Ya hemos visto Avatar 3 Fuego y ceniza, de James Cameron, y a continuación os ofrecemos una reseña CON SPOILERS en la que Iñigo nos narra cómo fue la última, hasta la fecha, entrega de Avatar.
El cine del futuro que nos prometiera hace dieciséis años Avatar, ha acabado arrollando sin embargo en la dirección opuesta al futuro del cine. Pero entre tanto la primera y la tercera mayores taquillas de la historia, obtenidas por sus dos primeras entregas, avalan a esta tercera para seguir aferrándose al viejo Hollywood anterior a que la pandemia y las plataformas vaciaran las salas.

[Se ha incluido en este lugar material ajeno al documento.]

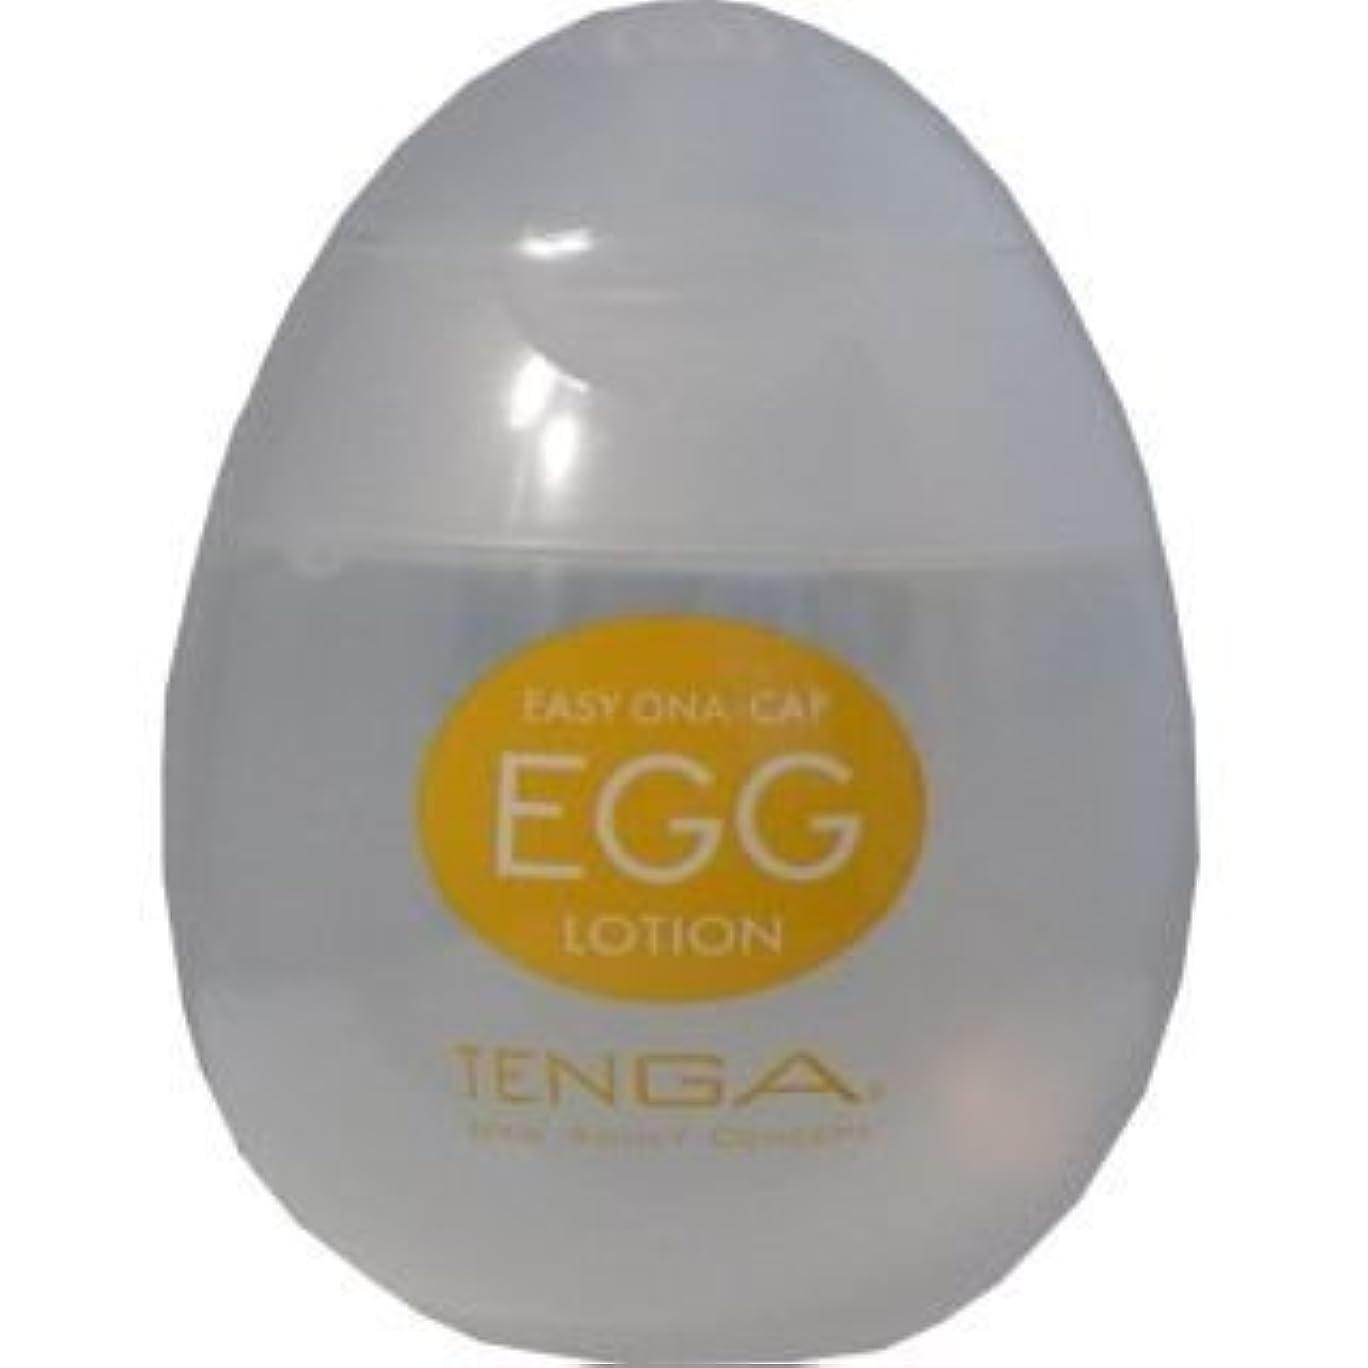 はっきりと有害な支払い保湿成分配合で潤い長持ち!TENGA(テンガ) EGG LOTION(エッグローション) EGGL-001【2個セット】

Una saga de otra época, que se resiste inauditamente a explotar como franquicia, a la contra de una industria tan dependiente de los grandes eventos cinematográficos como empeñada en auto saboteárselos ella misma. La última gran superproducción original, y el ¿testamento? de James Cameron. Un cineasta genuinamente visionario, que a fuerza de hacer avanzar la tecnología y la misma narrativa del blockbuster, tal vez no haya logrado materializar ese futuro, pero sí la selva bioluminiscente que soñó y dibujó a los 19 años; la pesadilla tecnológica de Terminator; los aliens de las profundidades y el misticismo ecológico de Abyss; los marines espaciales y malvadas corporaciones interplanetarias de las que nos alertó en Aliens; o el naufragio del capitalismo en Titanic. Alimentando todas ellas a la que posiblemente sea la mayor saga de autor que acoja nunca la industria.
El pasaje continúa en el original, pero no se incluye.